### INFORMATION GIVEN:
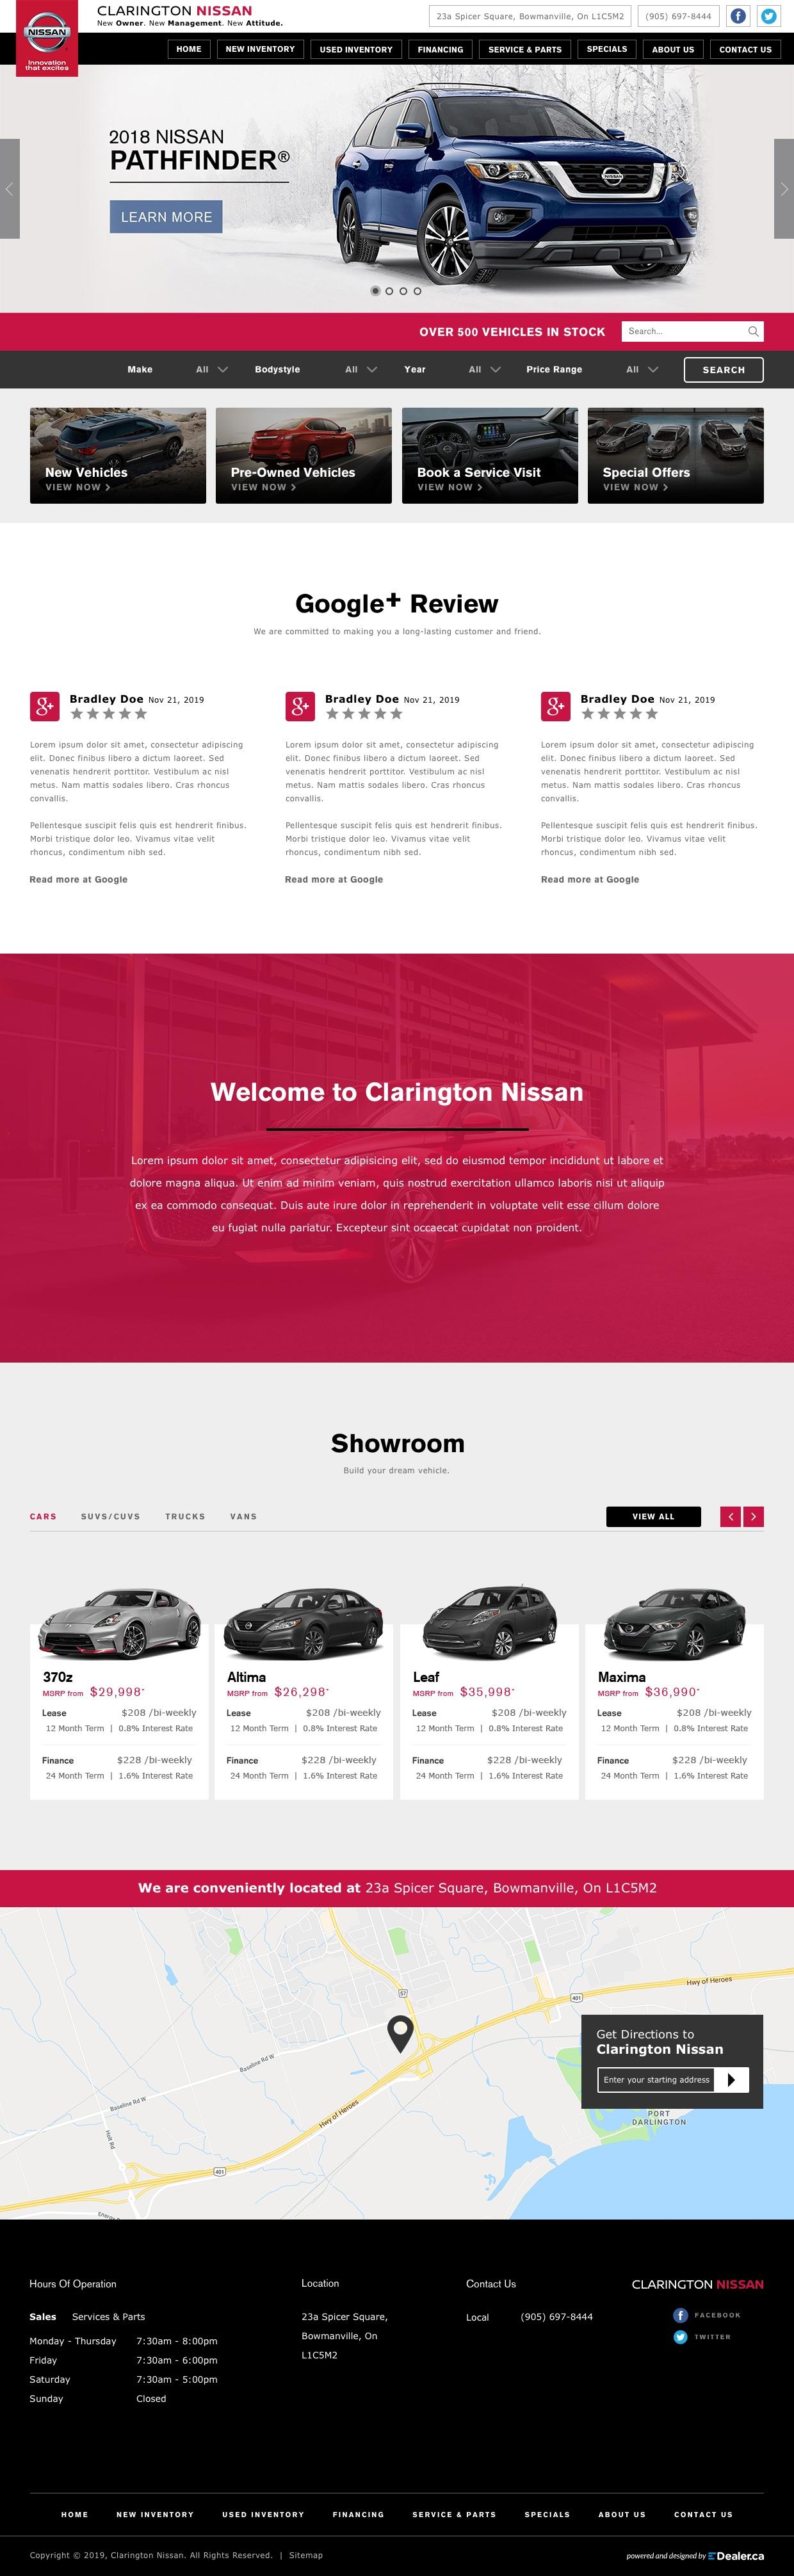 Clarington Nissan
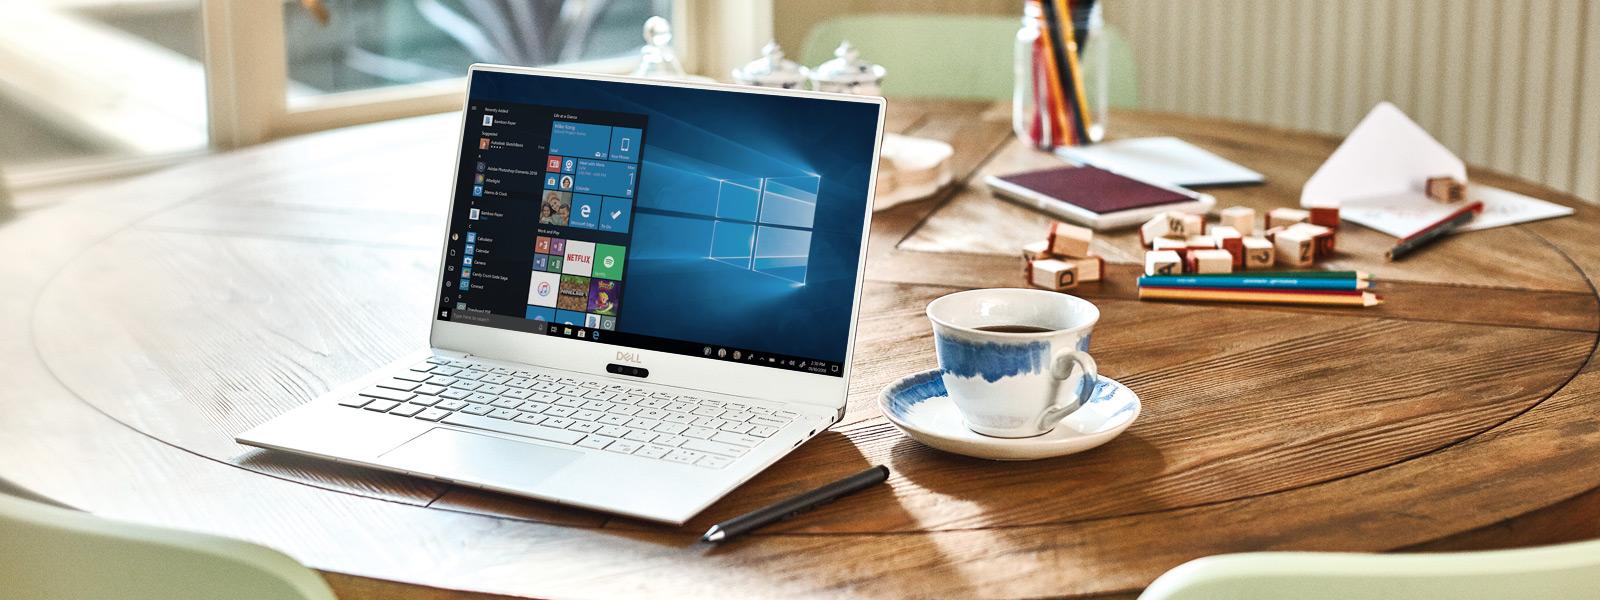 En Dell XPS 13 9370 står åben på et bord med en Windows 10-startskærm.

==

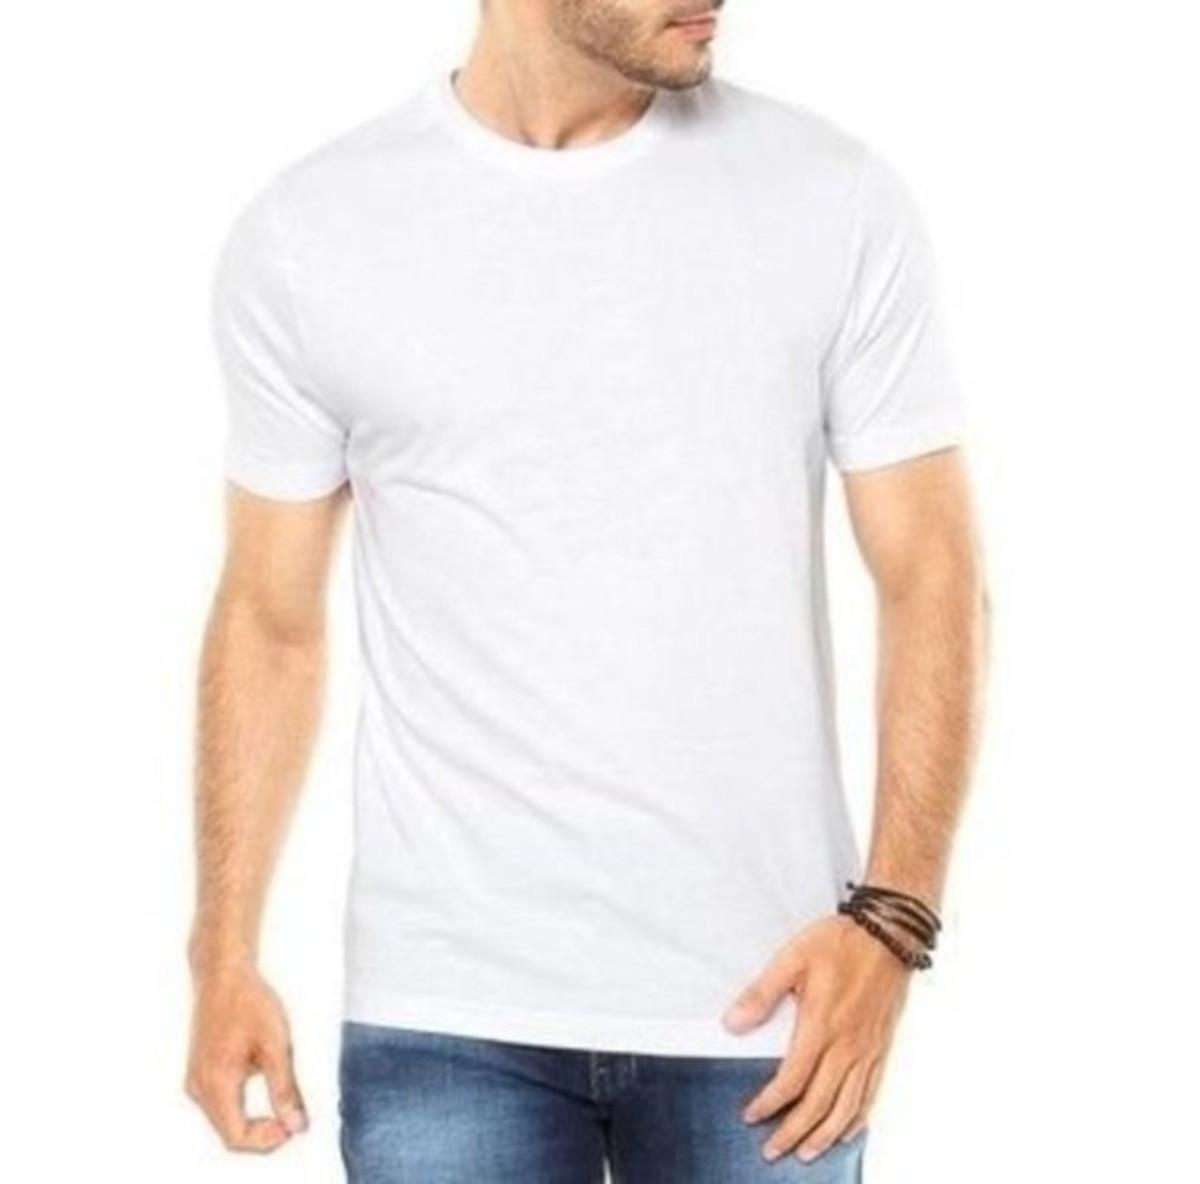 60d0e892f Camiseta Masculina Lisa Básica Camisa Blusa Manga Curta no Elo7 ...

### EXERCISE:
Reproduce the listing above from the line that holds "Clarington Nissan" through the line that holds "En Dell XPS", both included, with the pictures left out.

### OUTPUT FOR THIS EXERCISE:
 Clarington Nissan
 En Dell XPS 13 9370 står åben på et bord med en Windows 10-startskærm.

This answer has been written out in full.